The core problem with this question is that to determine what is artful we must first determine what is 'art'. And who can really define that?!
Well, given the forum on which this debate is being held, let's say that Susie Dent can! With a little help from her friend Lexico, which defines art as
I'm a reductionist by nature and am going to boil that down to 'creative skill'.
And in those two words we have the heart of the debate. As Gevin realised (and I didn't, hence my being unsteadied by his points): there are two parts to the question of whether or not something can be called 'artistry':
creativity and
skill
Gavin Chipper wrote: ↑Fri Feb 07, 2020 11:10 am
a lot of it comes down to co-ordination. Sure, Ronnie O'Sullivan is great at snooker, the best footballers are great at football, but I'm sure there are many people out there who could "think" these games just as well but lack the specific type of co-ordination required to play at the top level. And I think co-ordination itself is actually quite a "base" skill, rather than this great nuanced art. And I doubt it's that Ronnie O'Sullivan sees potential shots that others simply don't (in most cases anyway) - it's more likely that he's just better at hitting them. In something like chess, the top players will see something others simply miss. I'd say that's the more "proper" skill to have.
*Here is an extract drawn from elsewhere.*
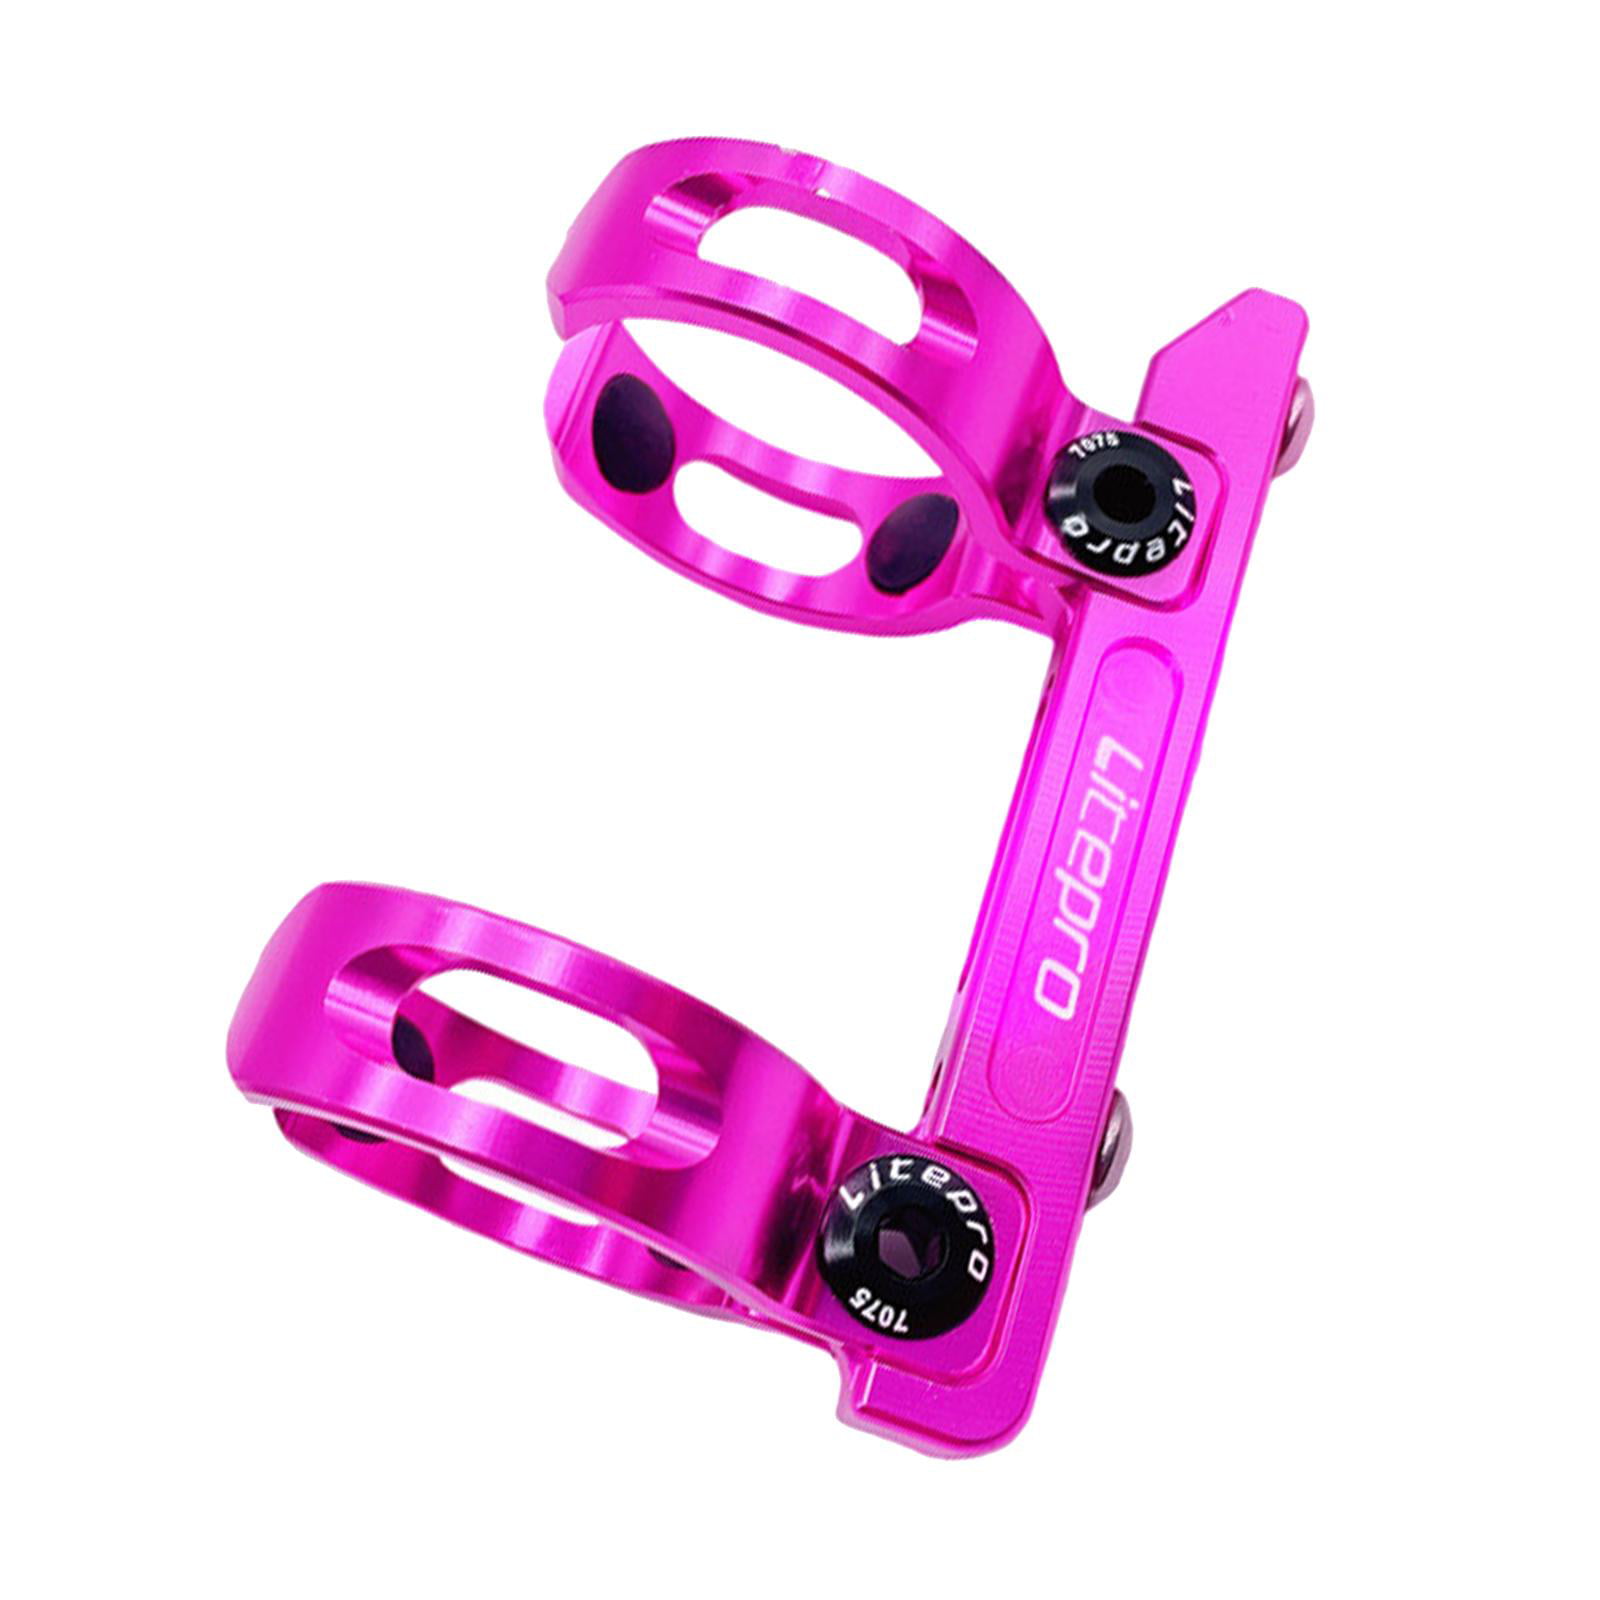 Durable Soft Cycling Bottle Holder Cup Mount Stable Trolley Cage Rack Cradle

Now as to which games require sufficient creativity and skill to be defined as art, I'm going to steer clear of Scrabble and Chess for now, as I simply don't know enough about them to comment. I'll just judge Countdown, but by all means if you know enough about Scrabble and/or Chess I'm sure you'll be able to connect the dots if I make any points about Countdown that you believe are also applicable to those games. This is why I used Conor's 30BC run as an example. Because it's the best example of brilliant performance in one of these games that I know of. Of course there will be far better examples (far less strawy men) but sadly I have not learnt of them in my sheltered life to date.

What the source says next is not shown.